What you have to do – Pictures stay out of the copy. Retype exactly the lines below from the one with "チェーンソーの起動の再生済みの波形" through the one with "ترامب يخسر مجلس".

Input material –
+-------+
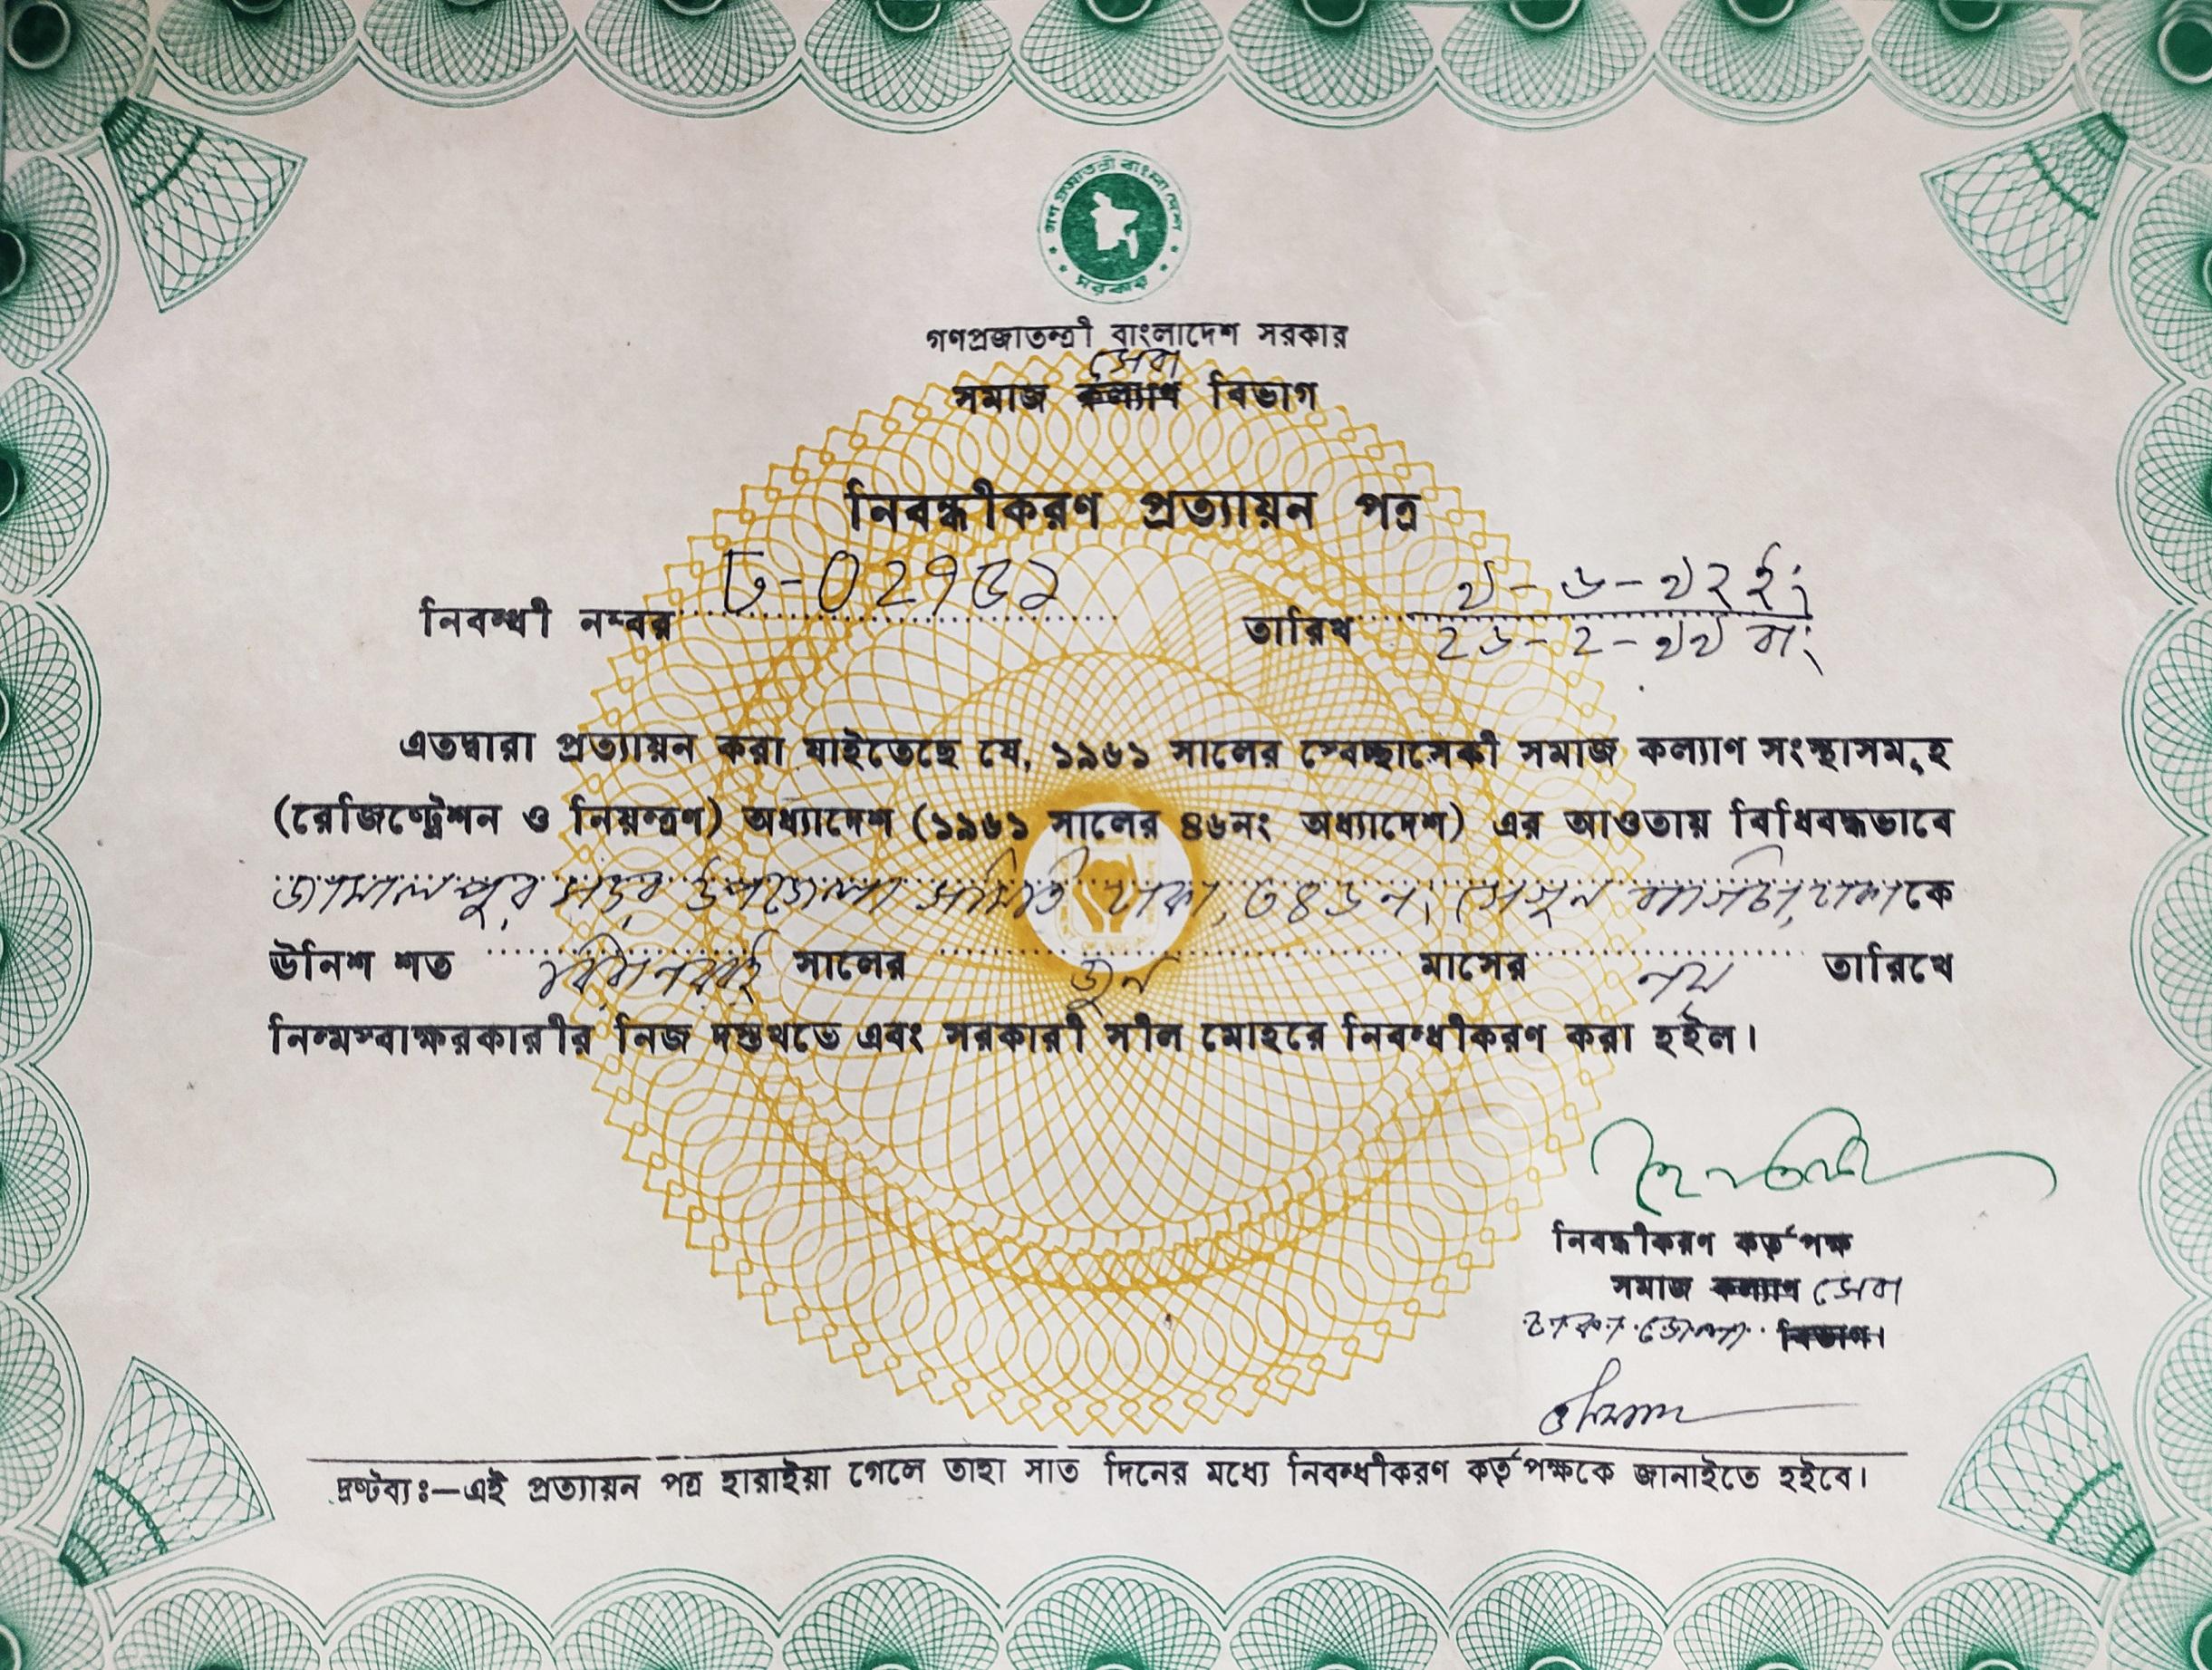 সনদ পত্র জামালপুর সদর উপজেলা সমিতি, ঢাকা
+-------+
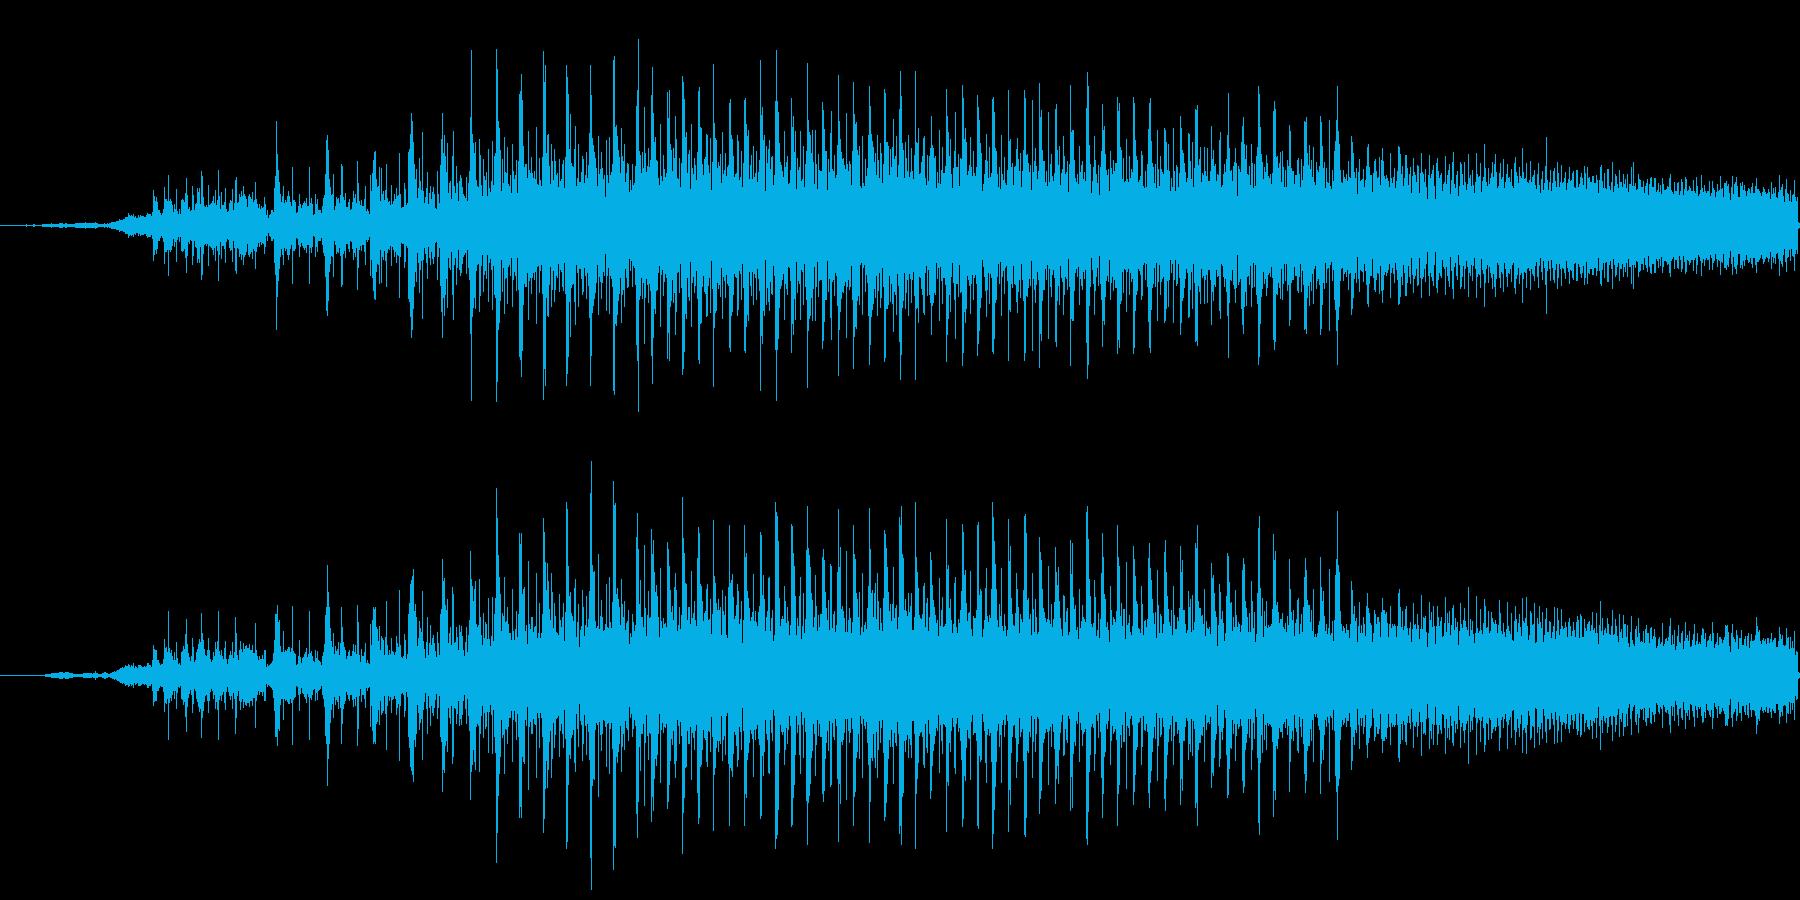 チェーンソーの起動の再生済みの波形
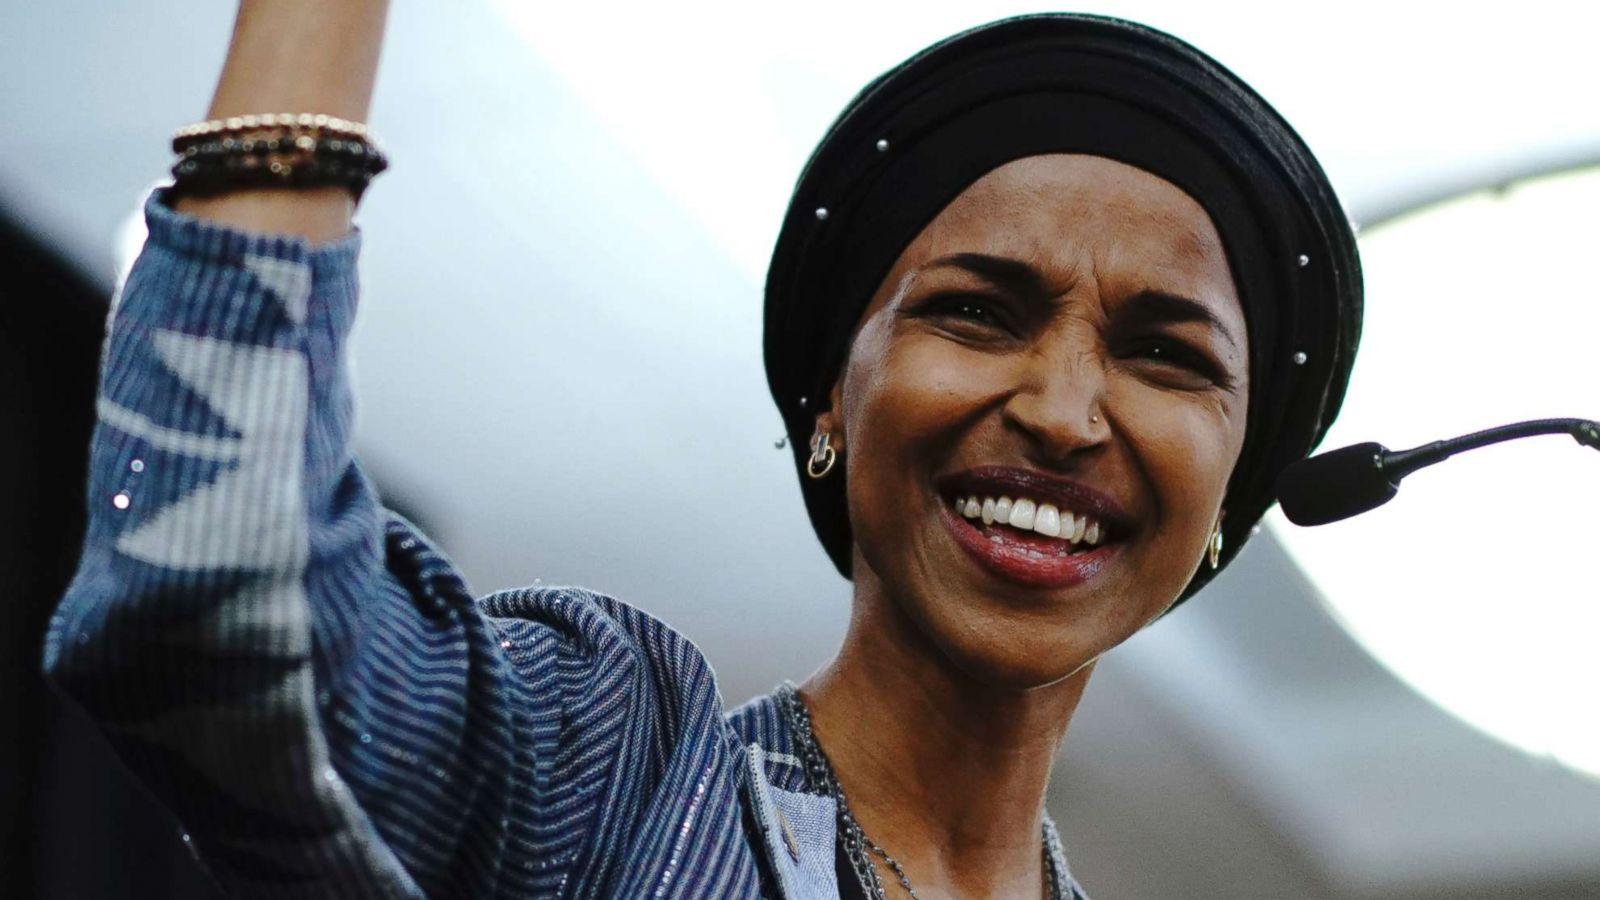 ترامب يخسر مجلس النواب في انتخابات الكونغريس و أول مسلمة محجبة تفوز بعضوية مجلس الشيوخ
+-------+
Result of the exercise –
 チェーンソーの起動の再生済みの波形
 ترامب يخسر مجلس النواب في انتخابات الكونغريس و أول مسلمة محجبة تفوز بعضوية مجلس الشيوخ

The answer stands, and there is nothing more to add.